On January 1, Michael Bloomberg was out. Bill de Blasio replaced him. Zionism remains empowered.  Imagine letting Israel influence NYC policy. Imagine giving AIPAC say.  Imagine Obama doing the same thing. Stanley Fischer is a Zionist zealot. Obama nominated him for Fed vice chairman. 

 

He’s rubber-stamp approval away from assuming his post. He’ll let Israel influence US monetary policy.  On January 24, de Blasio delivered an unannounced address. He spoke in midtown Manhattan. He did so at a closed door AIPAC event.  Capital New York (CNY) calls itself “a publication for and about the people and institutions that shape New York, delivering fast, original, essential analysis and reporting on city and state politics and the media industry.”

CNY reporter Azi Paybarah tried covering de Blasio’s address. Security staff blocked him. Candidate de Blasio pledged more openness, transparency, and inclusiveness than his predecessor.

Mayor de Blasio wants his unswerving fealty to Israel kept secret. Capital New York got an audio recording of some of what he said. It’s not what he wants his constituents to hear.  “Part of my job description is to be a defender of Israel,” he said.

“There is a philosophical grounding to my belief in Israel and it is my belief, it is our obligation, to defend Israel, but it is also something that is elemental to being an American because there is no greater ally on earth, and that’s something we can say proudly.”

“There is no deeper connection across boundaries than this connection we share. We take inspiration from Israel for how it has stared down terrorism and kept moving forward.”

If he delivers on his promise to ban horse-drawn carriages it will be a miracle.

It’s done it through lawless aggression. It’s been through cold-blooded murder. Land theft and ethnic cleaning reflect it.  So do decades of lawless occupation harshness. Palestinian rights don’t matter. They’re systematically denied.

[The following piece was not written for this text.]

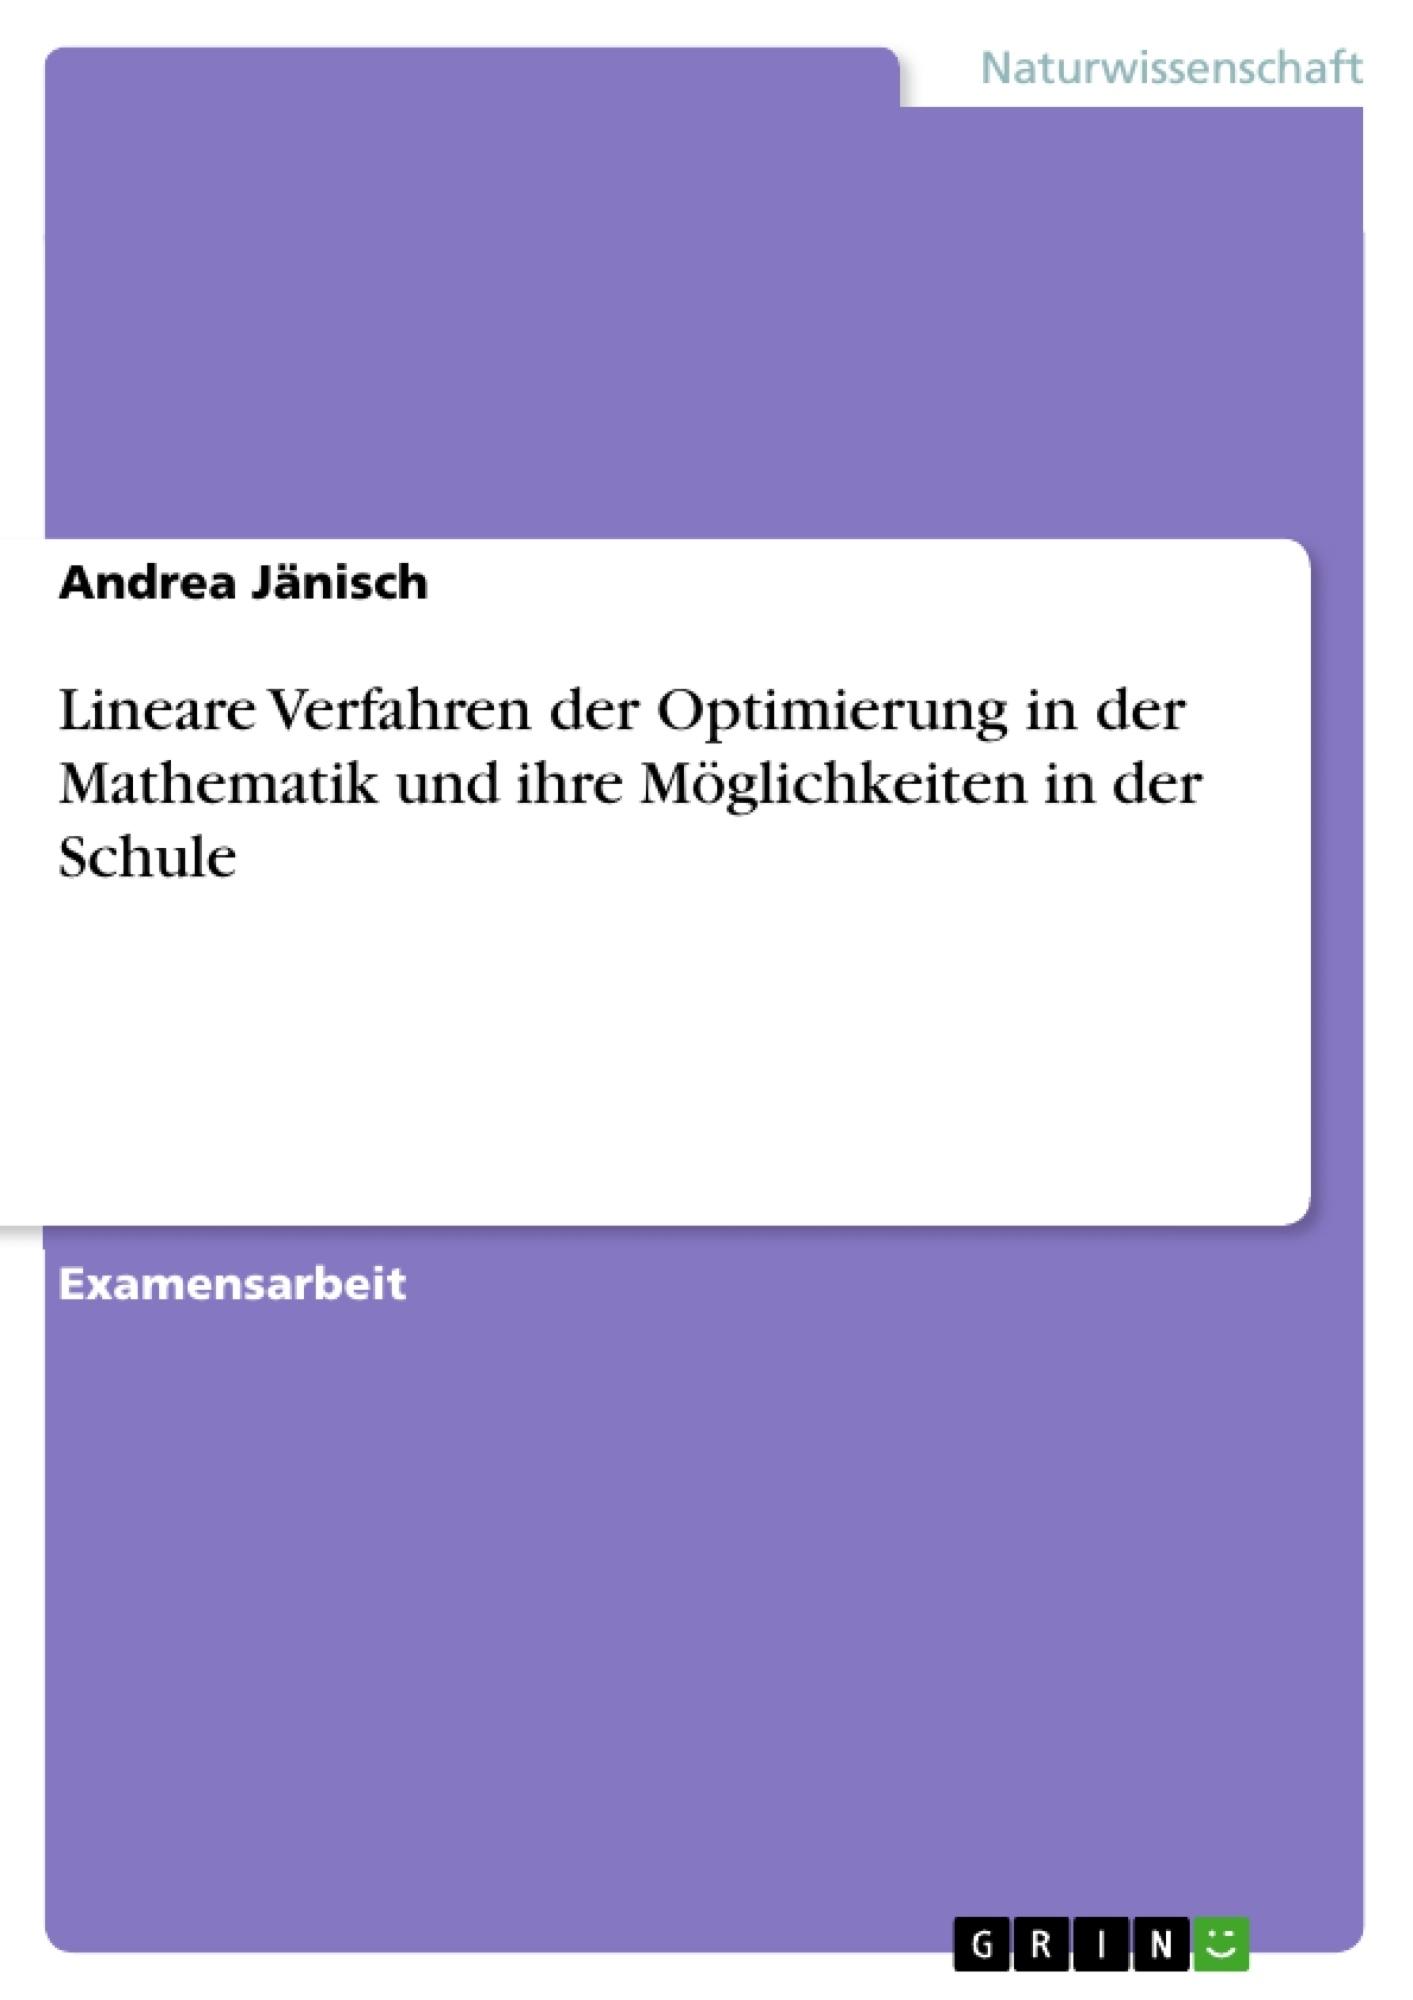 Titel: Lineare Verfahren der Optimierung in der Mathematik und ihre Möglichkeiten in der Schule

State terrorism is official Israeli policy. So is slow-motion genocide. De Blasio didn’t explain. He visited Israel three times. He expressed solidarity with its people. They’re “on the front line of fighting so many challenges,” he said.  He’s mindless of Palestinian rights. Only Jews matter. Racism resides in Gracie Mansion. Palestinians aren’t welcome. De Blasio is “inspir(ed)” by Israeli ruthlessness. Maybe he intends treating New Yorkers the same way.

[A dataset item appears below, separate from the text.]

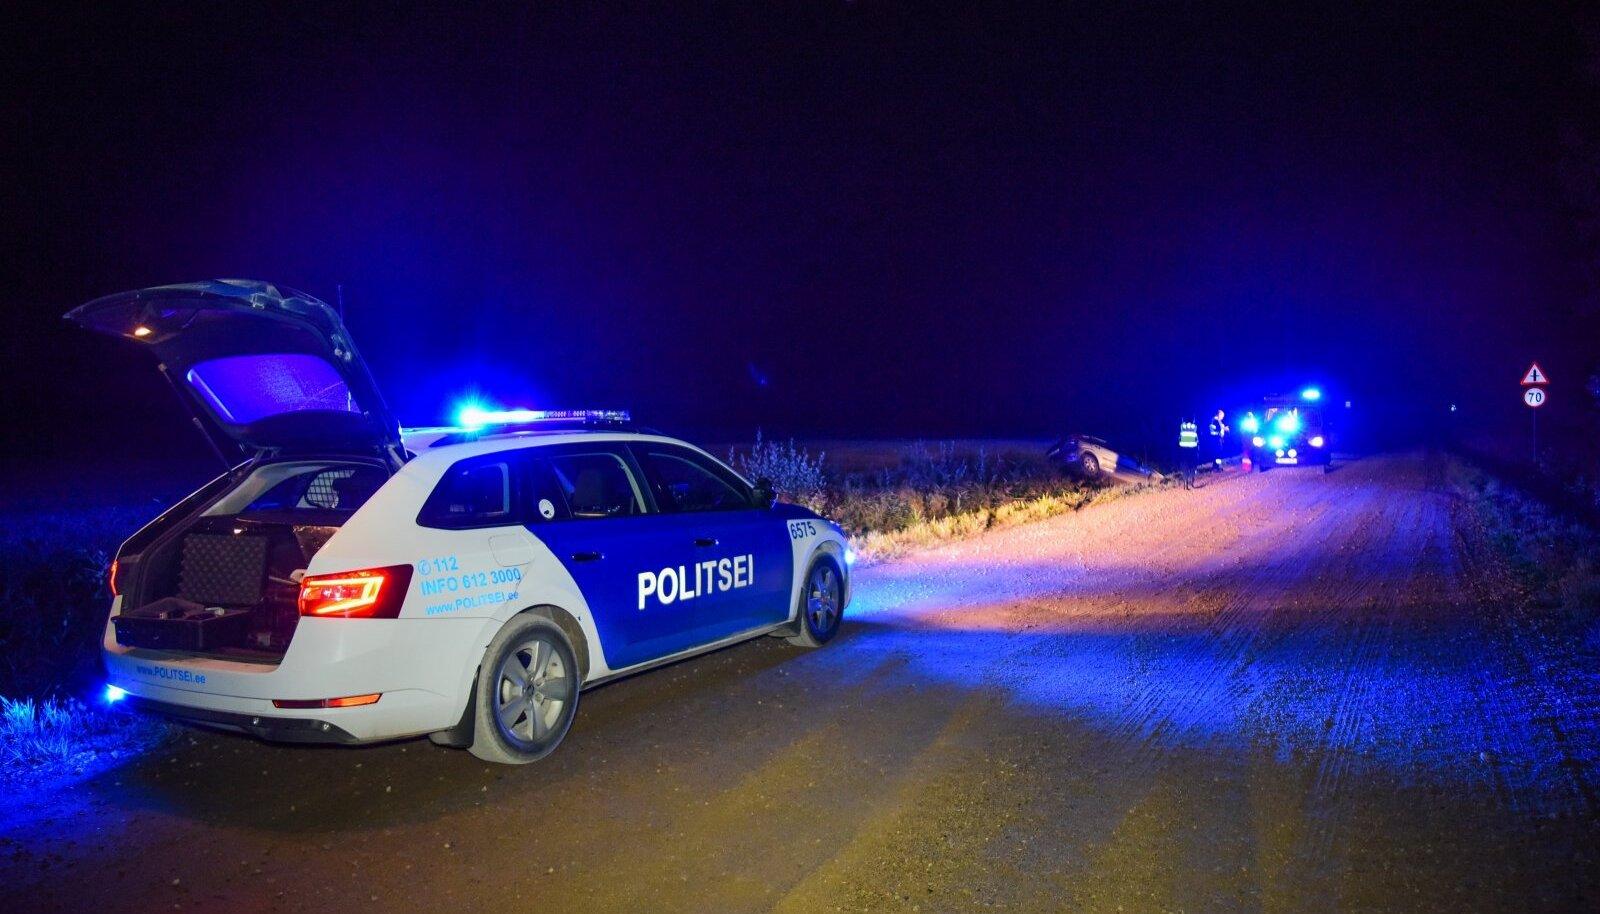 Pühapäeval juhtus Eestis kaks inimkannatanuga liiklusõnnetust (foto on illustratiivne).

Word got out about his AIPAC address. Reporters challenged him. He offered a weak-kneed mea culpa. He said he’ll urge his aides to be more open about his whereabouts.  He said AIPAC wanted journalists excluded from its event. Public officials are supposed to let constituents they serve know what they’re doing.  Gawker.com headlined “Reporter Kicked Out of Bill de Blasio’s Secret Pro-Israel Speech,” saying:

He “wants you to know he shovels his own snow-encrusted sidewalk…” He’s polar opposite when it comes to “wooing the powerful pro-Israeli lobbying group AIPAC…”

Candidate de Blasio denounced BDS activism. He called it “inflammatory, dangerous and utterly out of step with the values of New Yorkers.”  “An economic boycott represents a direct threat to the State of Israel. That’s something we need to oppose in all its forms.”

“No one seriously interested in bringing peace, security and tolerance to the Middle East should be taken in by this” campaign.  Public de Blasio speeches feature demagogic boilerplate. He stresses income inequality, expanding sick-pay leave, taxing the rich, and other social issues.  He’s held office less than one month. Early indications aren’t encouraging. Expect business as usual to continue. He was chosen for that reason. He won’t disappoint.  New Yorkers never had a true populist mayor. They don’t have one now. De Blasio reflects same old, same old.  He’s old wine in new bottles. He differs from Bloomberg in style alone. He represents the same monied interests.

His AIPAC speech omitted social issues. He focused solely on pledging allegiance to Israel.  Two attendees said he never once used the word “progressive.” He features it in public addresses.

He concluded saying: “City Hall will always be open to AIPAC. When you need me to stand by you in Washington or anywhere, I will answer the call, and I’ll answer it happily cause that’s my job.”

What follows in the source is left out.